Reputation: 1053
I have a script which pulls XML hosted online and saves it locally. The script then goes through the local file and replaces/adds certain text. However, for some reason, when I use the "&" symbol, there is an extra space inserted along with it within the element text. Here is a sample of the XML elements I am parsing:
<TrackingEvents>
<Tracking event="rewind">
http://www.example.com/rewind_1.png?test=rewind_test
</Tracking>
<Tracking event="pause">
http://www.example.com/pause_1.png?test=rewind_test
</Tracking>
However, after running my script to add the additional test to my elements, the text is added with an additional space, like this:
<TrackingEvents>
<Tracking event="rewind">
http://www.example.com/rewind_1.png?test=rewind_test &cb={CACHEBUSTER}
</Tracking>
<Tracking event="pause">
http://www.example.com/pause_1.png?test=rewind_test &cb={CACHEBUSTER}
</Tracking>
I have tried everything but I don't know why this is occurring or what I can do to prevent this space from being added. I have even tried to strip the white space as well.
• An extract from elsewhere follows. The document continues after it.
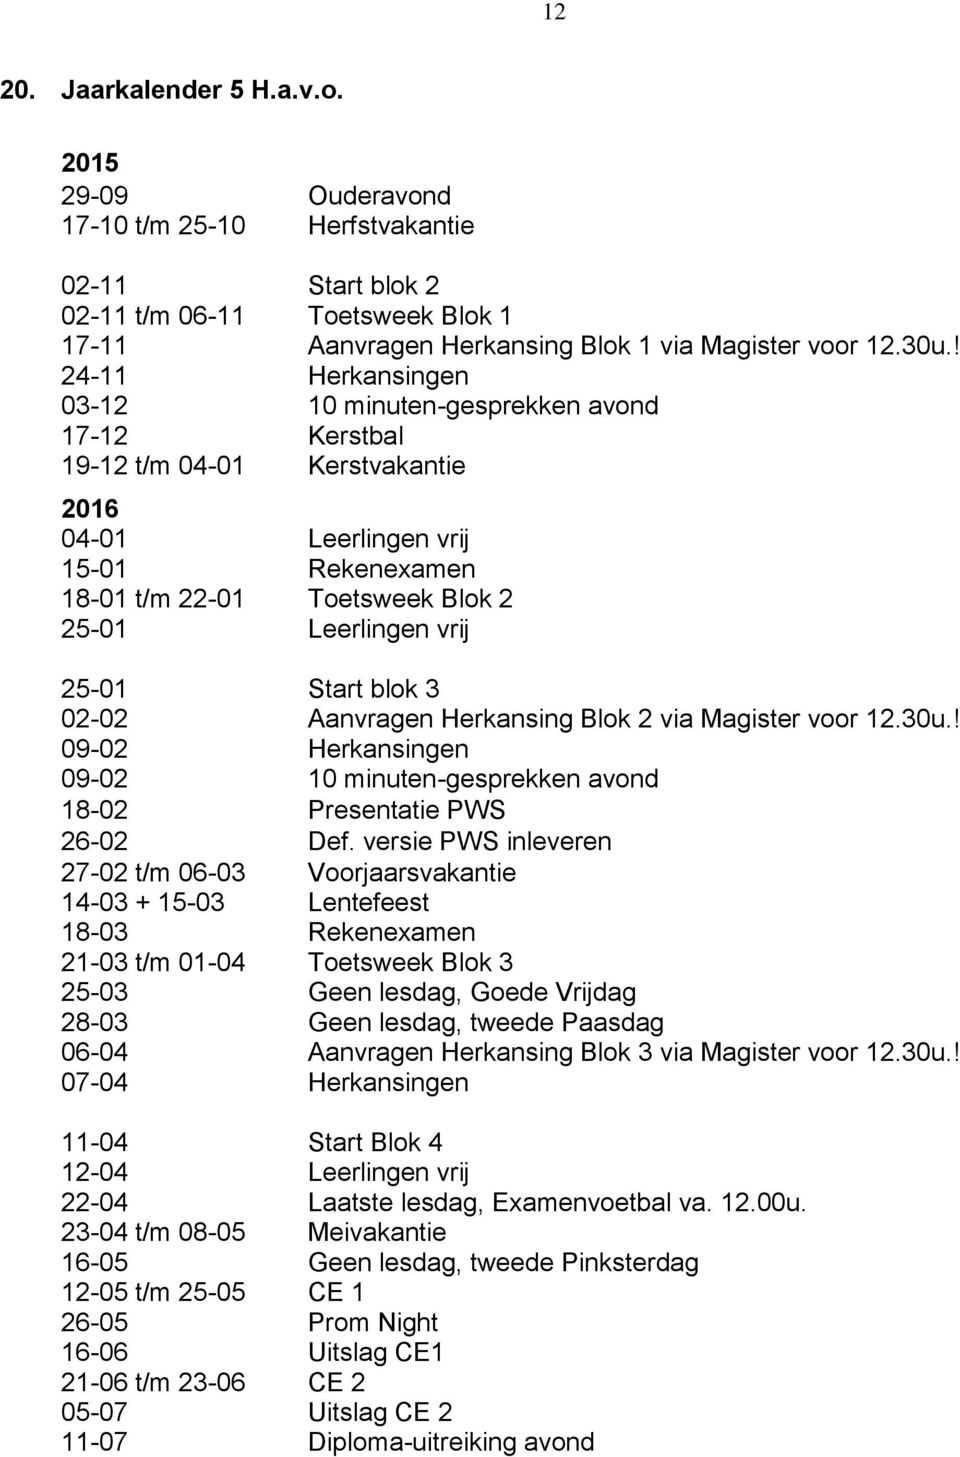 25-01 Start 3 02-02 Aanvragen Herkansing Blok 2 via Magister voor 12.30u.! 09-02 Herkansingen 09-02 10 minuten-gesprekken avond 18-02 Presentatie PWS 26-02 Def.

When I look at the XML that is saved locally before uploading it, everything looks fine (& is for the "&" symbol) as seen here from the source:
<Tracking event="rewind">
http://www.example.com/rewind_1.png?test=rewind_test
&cb={CACHEBUSTER}</Tracking>
<Tracking event="pause">
http://www.example.com/pause_1.png?test=rewind_test
&cb={CACHEBUSTER}</Tracking>
Here is what the code from my script looks like:
for URL, xml_name, original_server in tqdm(XML_tags):
response = requests.get(URL)
with open(xml_name, 'wb') as file:
file.write(response.content)
with open(xml_name) as saved_file:
tree = ET.parse(saved_file)
root = tree.getroot()
for element in root.iter(tag=ET.Element):
if element.text != None:
if ".png" in element.text:
if "?" in element.text:
element.text = element.text + "&cb={CACHEBUSTER}"
element.text = element.text.strip()
else:
element.text = element.text + "?cb={CACHEBUSTER}"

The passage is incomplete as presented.